MySQL query analysis
Add slow query log output settings, rerun the benchmark, and output the log. If setup is correct, /var/log/mysql/mysql-slow.log will be created.
$ sudo vi /etc/mysql/mysql.conf.d/mysqld.cnf
[mysqld]
slow_query_log = 1
log_slow_queries = /var/log/mysql/mysql-slow.log
long_query_time = 0
$ sudo systemctl restart mysql
$ sudo systemctl restart isubata.nodejs.service
Install pt-query-digest
pt-query-digest is a support tool for aggregating MySQL query logs.

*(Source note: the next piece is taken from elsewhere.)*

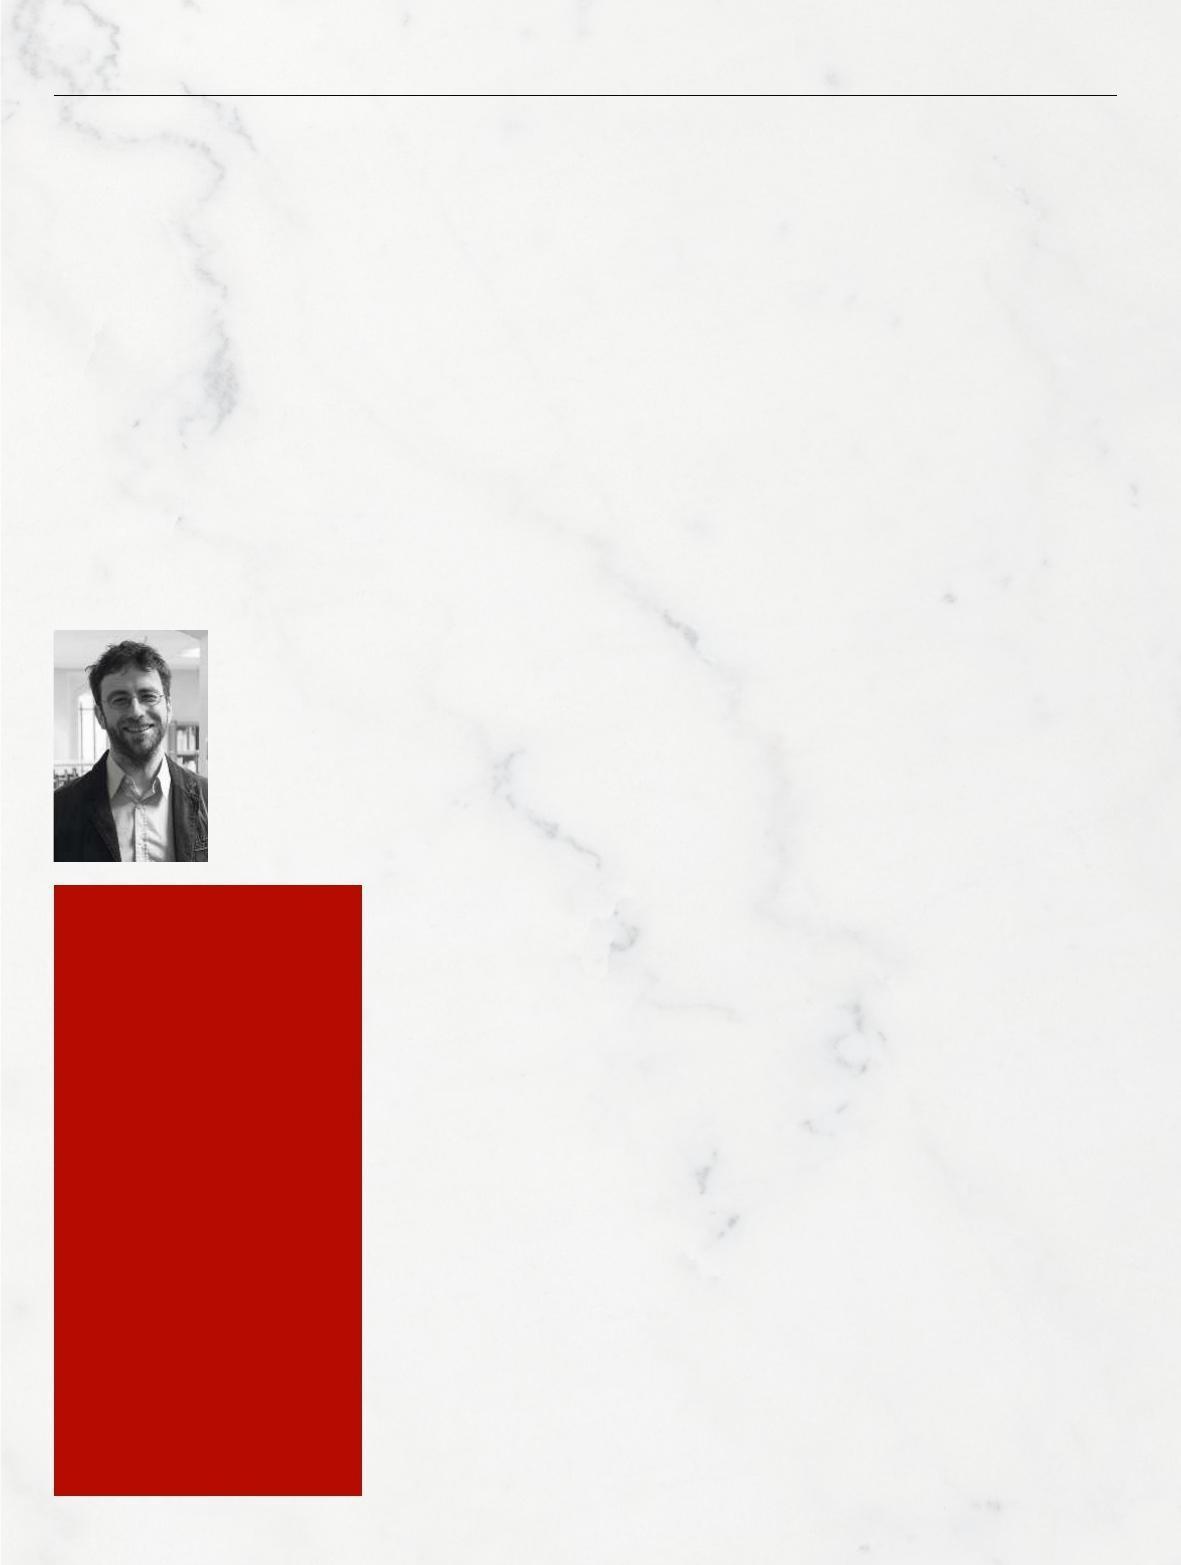 RECETTES, RÉALISATION ET STYLISME JULIE SCHWOB PHOTOS JEAN-BLAISE HALL MERCI À FLORIAN DELBUT POUR SES CONSEILS, À LE CREUSET POUR SON FAITOUT ET À OPINEL POUR LES COUTEAUX

Note: Installing via apt gives an old version with bugs.
Stack Overflow reference
$ wget percona.com/get/percona-toolkit.tar.gz
$ tar xf percona-toolkit.tar.gz
$ cd percona-toolkit-3.2.0
$ perl Makefile.PL && make && sudo make install
$ sudo pt-query-digest --help
View slow query logs
Use pt-query-digest to analyze slow query logs.
It looks like SELECT * FROM image WHERE name = 'c434098fec37fd0d2c1e646d104220f6ffabbea7.png' is taking very long.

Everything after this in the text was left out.